The receiver uses the same Walsh code that was used by the transmitter to demodulate the signal and recover the data. After the received signal has been despread using the Walsh code, it is sub-sampled back down to the original data rate. This is done by using an integrate-and-dump filter, followed by a comparator to decide whether the data was a 1 or a 0.

The received data is then compared with the original data transmitted to calculate the bit error rate (BER).

The RMS amplitude error is also worked out. The signal level after it has been demodulated and filtered is compared with the expected amplitude of the signal based on the transmitted data. The RMS amplitude error directly relates to the bit error rate, so is a useful measurement to make.

Figure 33 shows the model used for the simulations of the CDMA forward link.

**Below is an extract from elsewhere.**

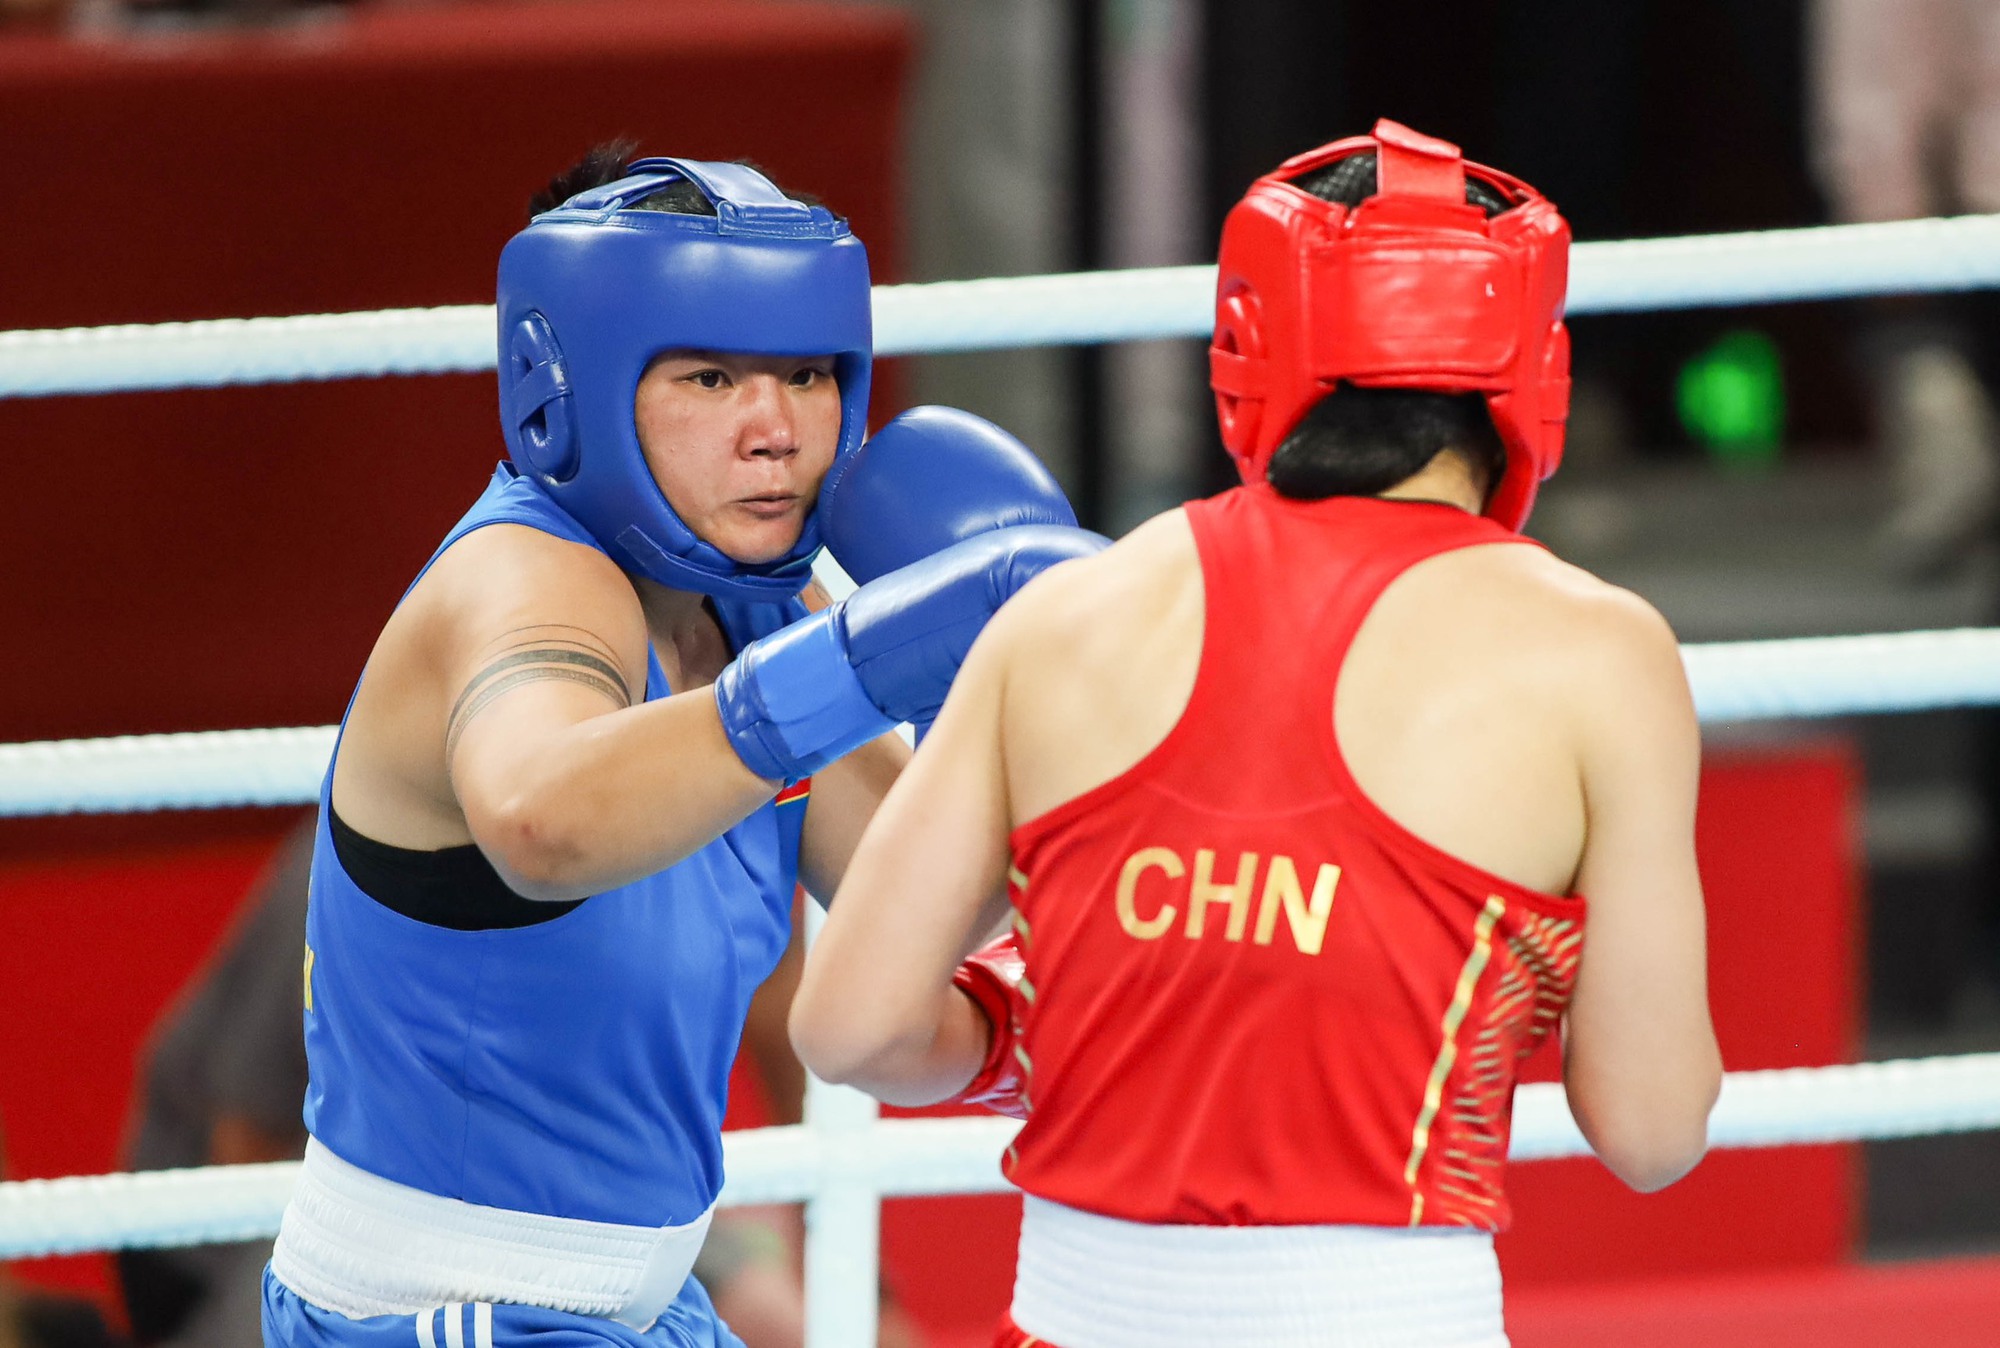 Boxing nữ tiếp tục giành thêm thành tích cho Đoàn Thể thao Việt Nam tại ASIAD 19 - Ảnh 1.

Figure 33 Model used for the CDMA forward link.

3.1.2 Reverse Path

The reverse link of the CDMA link was simulated in a very similar way to the forward link except that orthogonal Walsh codes are not used. As shown earlier it is extremely difficult to use orthogonal codes effectively in a reverse link from the mobiles to the base station, because of the difficulty in synchronizing the system accurately enough. Because of this simply long pseudo random codes were used instead of the Walsh codes.

3.2 Simulation Results

3.2.1 BER verses the number of users in a cell

The reverse links of a CDMA system, from the mobiles to the base station, use non-orthogonal codes, which are pseudo random noise codes (PN codes). This leads to the signals from each user interfering with each other. The signals transmitted by each user are uncorrelated with each other as each user uses a unique pseudo random sequence code, resulting in the signal appearing a noise to other users.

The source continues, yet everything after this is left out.